What rising interest rates mean for savers, borrowers
Interest rates are charging higher, and that can be a good or bad thing depending on whether you're saving or borrowing.
For savers, it's a long-awaited win. After years of making virtually nothing on their money market accounts and certificates of deposit, savers are finally getting closer to keeping up with inflation. Investors are also getting rewarded with higher interest payments for buying newly issued bonds.
For borrowers, though, the math is getting tougher. Loans for a car or house are getting more expensive, and interest rates for credit-card purchases are the highest since 2010.
All the increases are a result of higher yields for Treasury notes and bonds.

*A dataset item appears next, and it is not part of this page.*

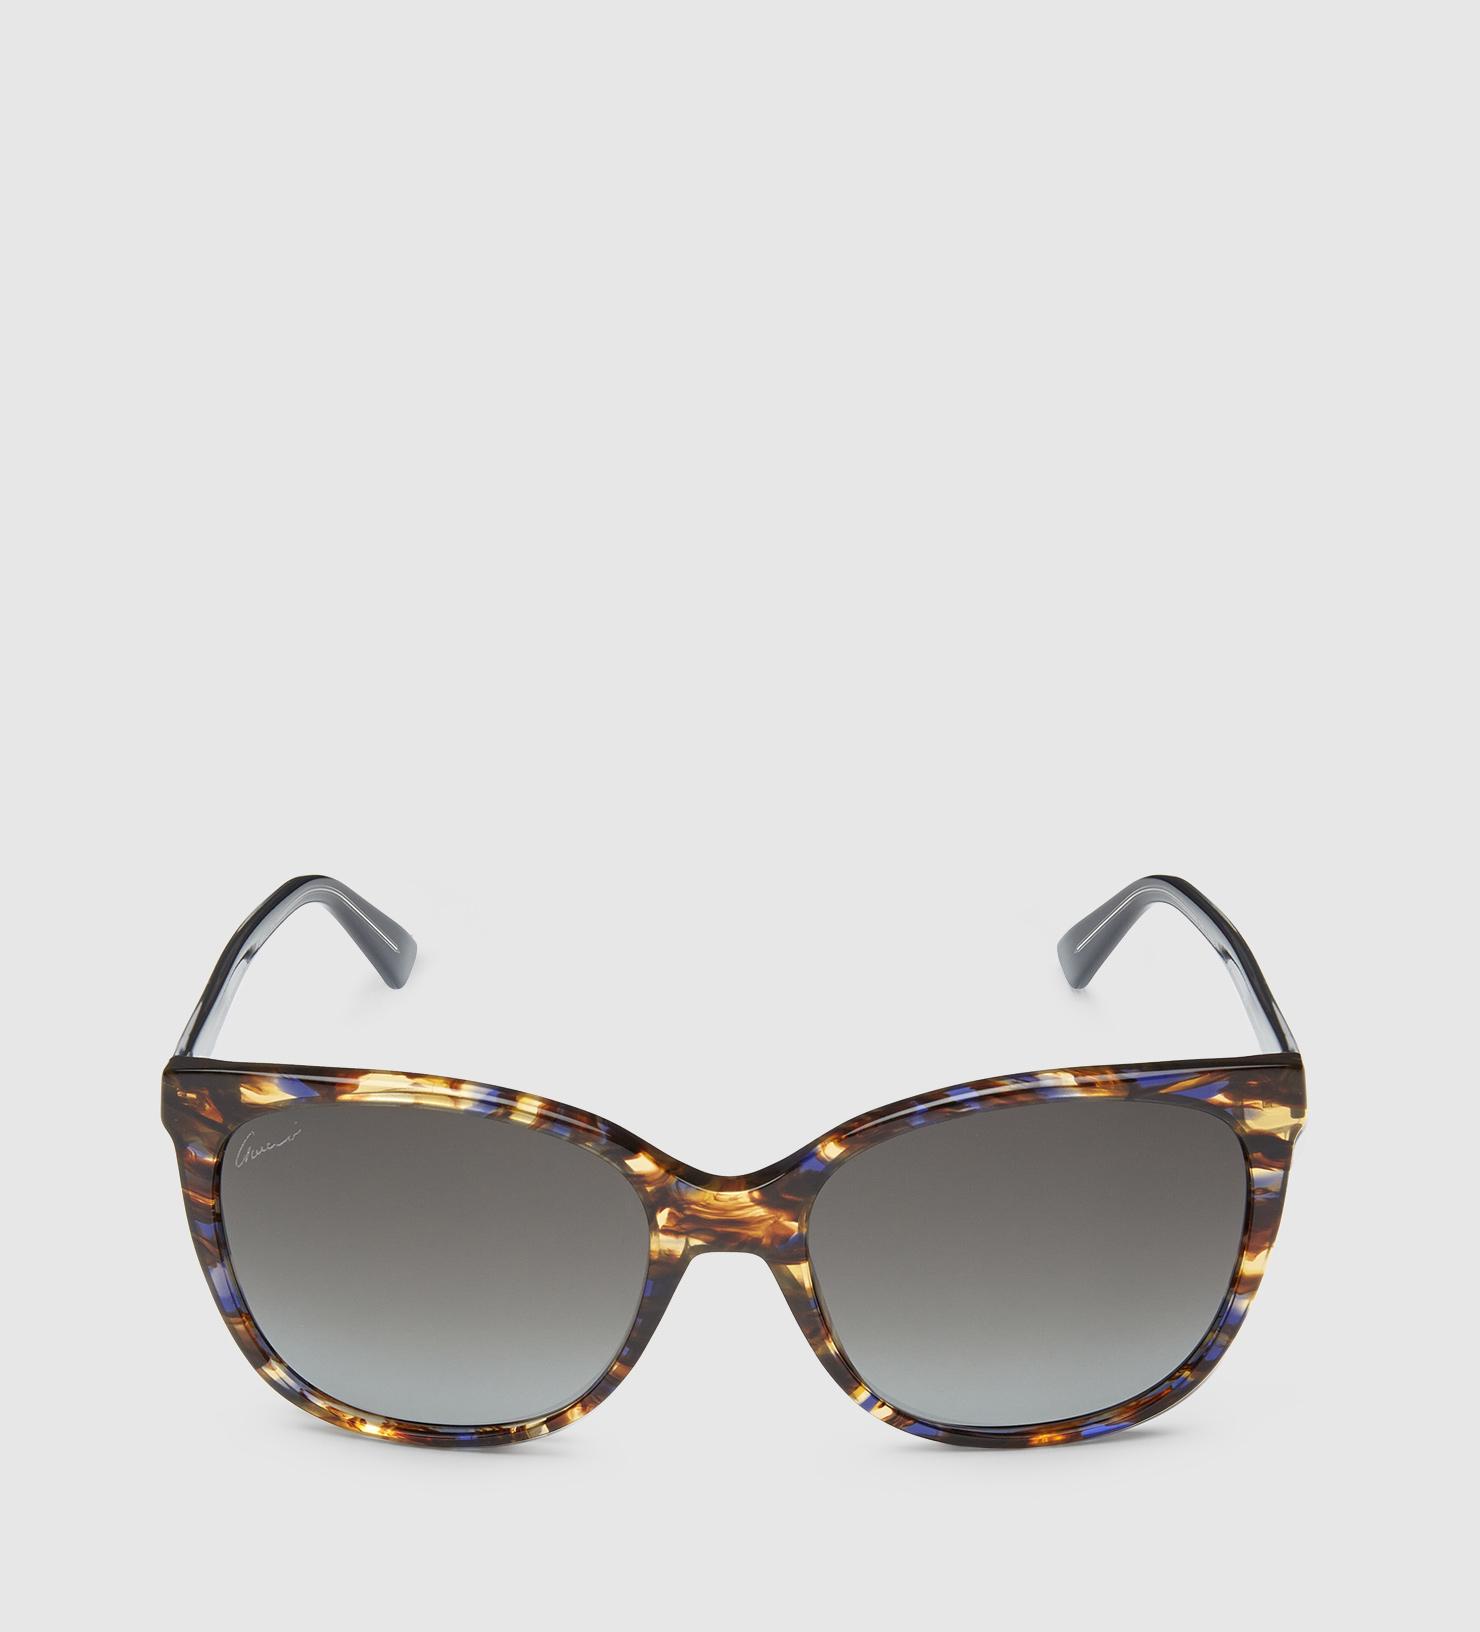 Gucci Havana Light Acetate Sunglasses in Brown Lyst

Short-term Treasury yields have been climbing because of the Federal Reserve, which has raised overnight rates six times since late 2015. Longer-term Treasury yields have been slower to rise, but they've accelerated in recent months. Buy a 10-year Treasury today, and you'll get more than 3 percent in annual interest, the highest amount since 2011.
Of course, rates remain low by historical standards, and mortgages still look ridiculously cheap compared with where they were several decades ago. The average 30-year fixed mortgage is at 4.61 percent, for example. It was more than 18 percent in 1980.

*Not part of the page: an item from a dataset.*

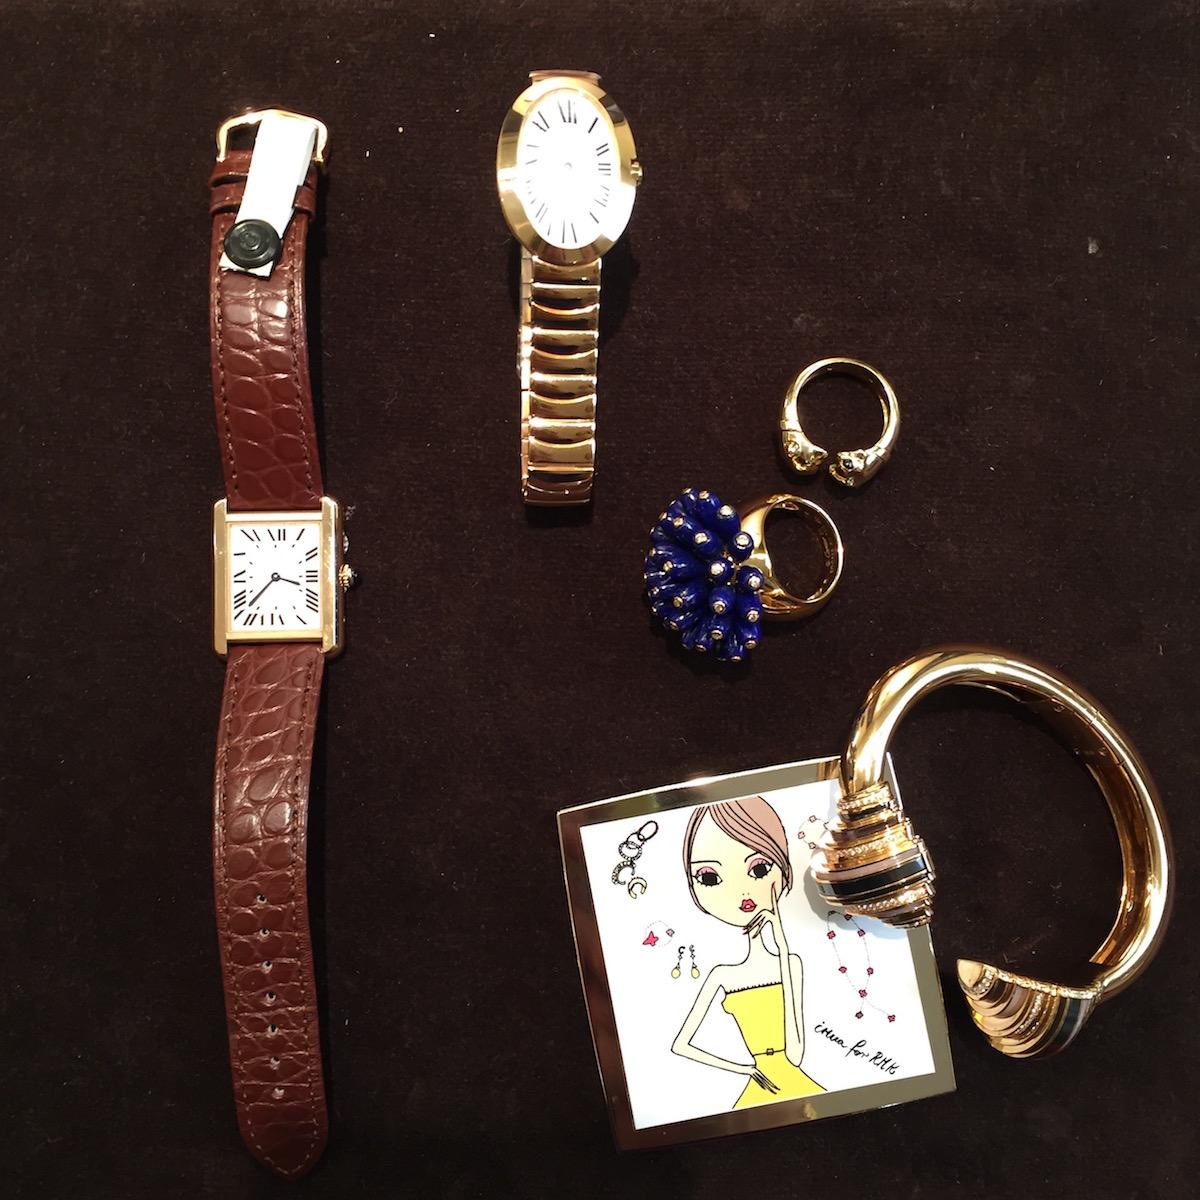 eeef2eca7c4 Jewellery shopping

Meanwhile, the average rate on a one-year CD for savers with less than $100,000 is just under 0.4 percent. It was more than triple that nine years ago.

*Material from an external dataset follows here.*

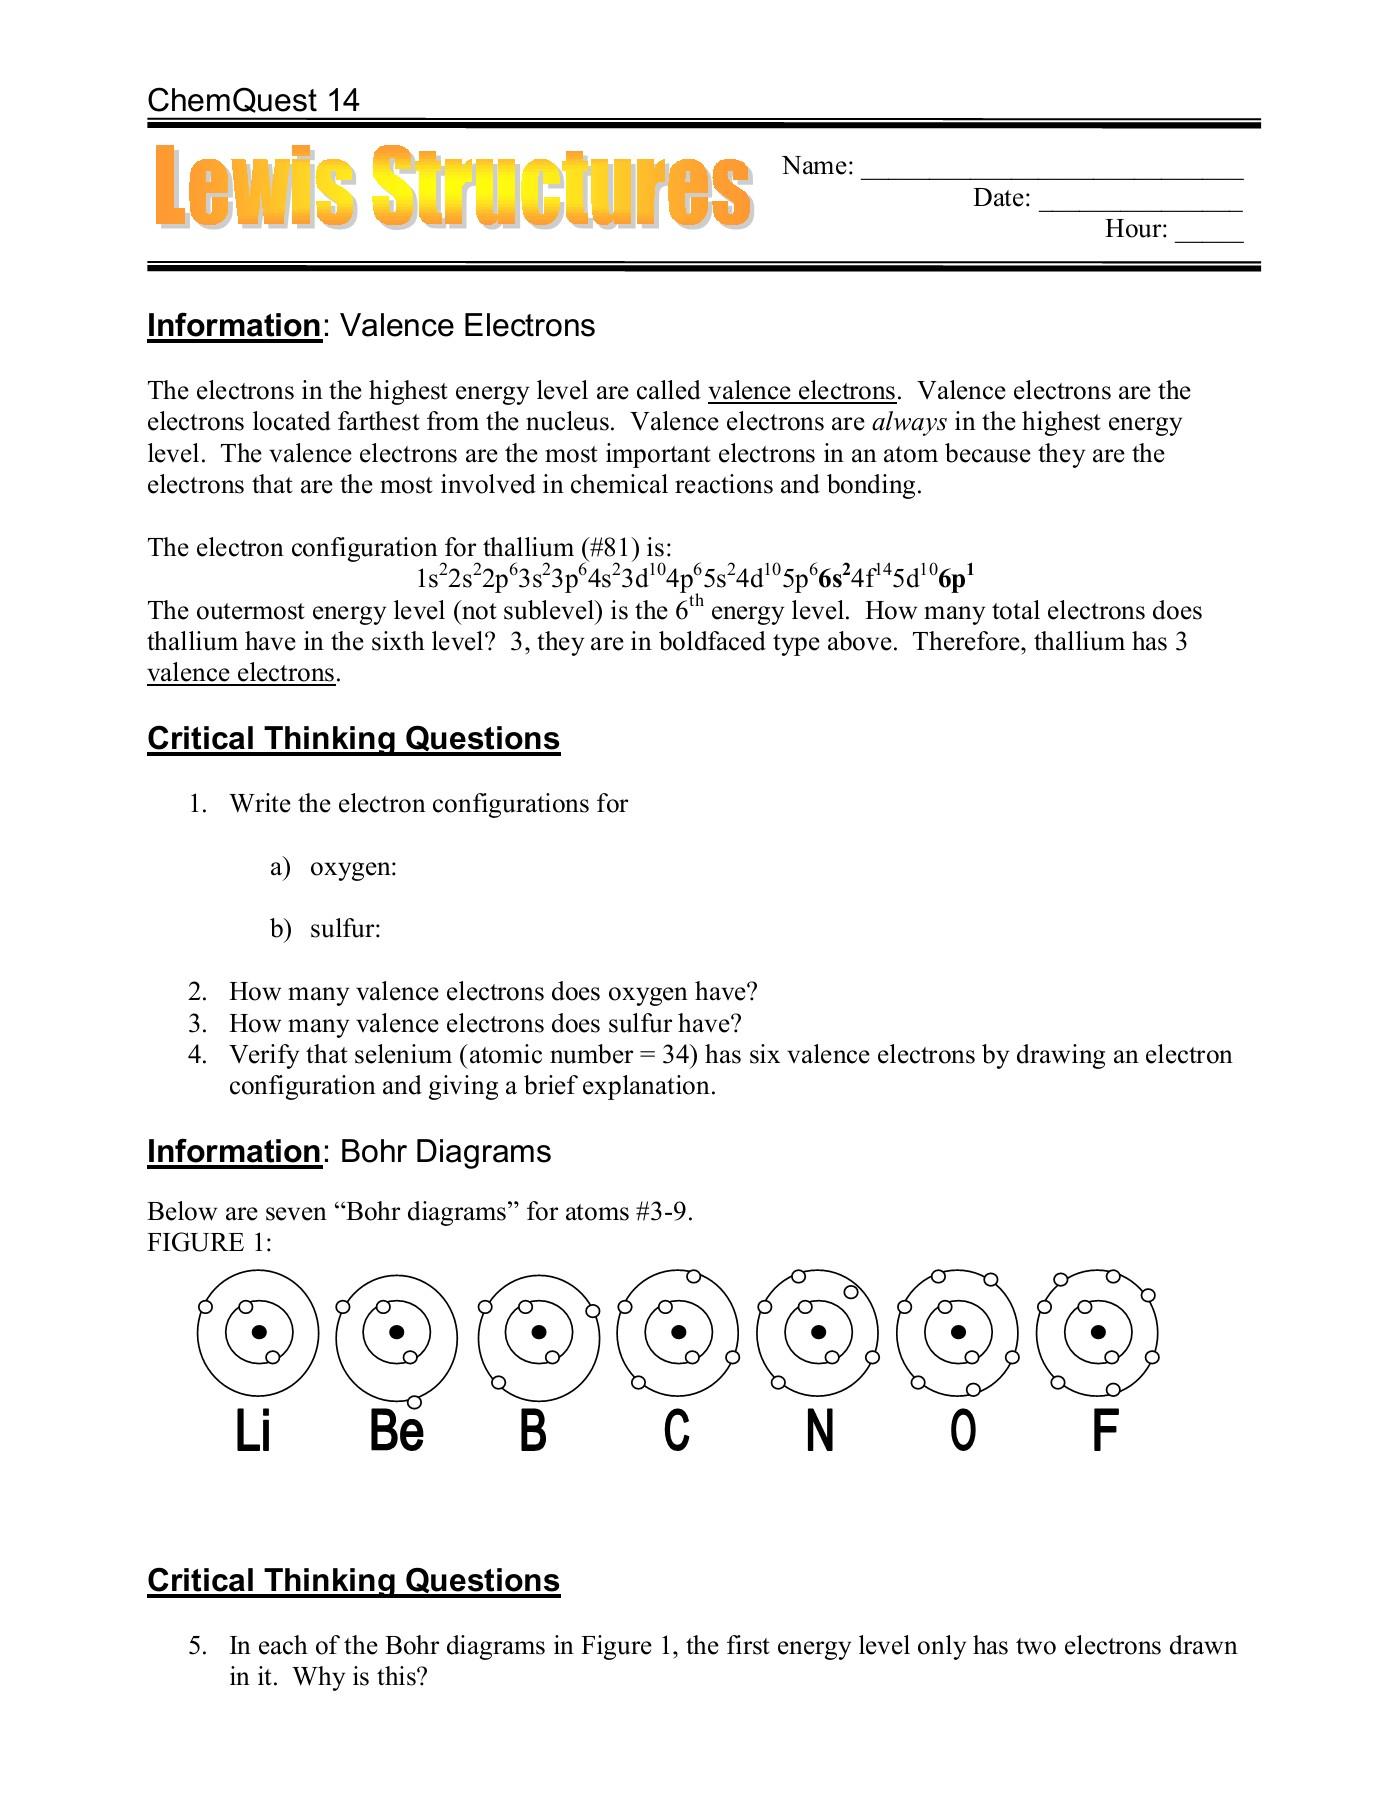 Valence Of Selenium : valence, selenium, Information:, Valence, Electrons, ECoach-Flip, EBook, Pages, AnyFlip

But that's better than the 0.2 percent it was crawling at for years. Plus, the best CD rates available at online outfits can top 2 percent. The highest rates for five-year CDs are above 2.5 percent, which is the current rate of inflation, as measured by the consumer price index, including food and energy.
Most economists expect interest rates to climb still higher. The economy continues to grow, and higher oil prices are helping to push up inflation. That should keep the Federal Reserve on track for further rate increases: The typical voter on the Fed's rate-setting committee says the federal funds rate could rise to 2.9 percent next year, up from a range of 1.50 percent to 1.75 percent today.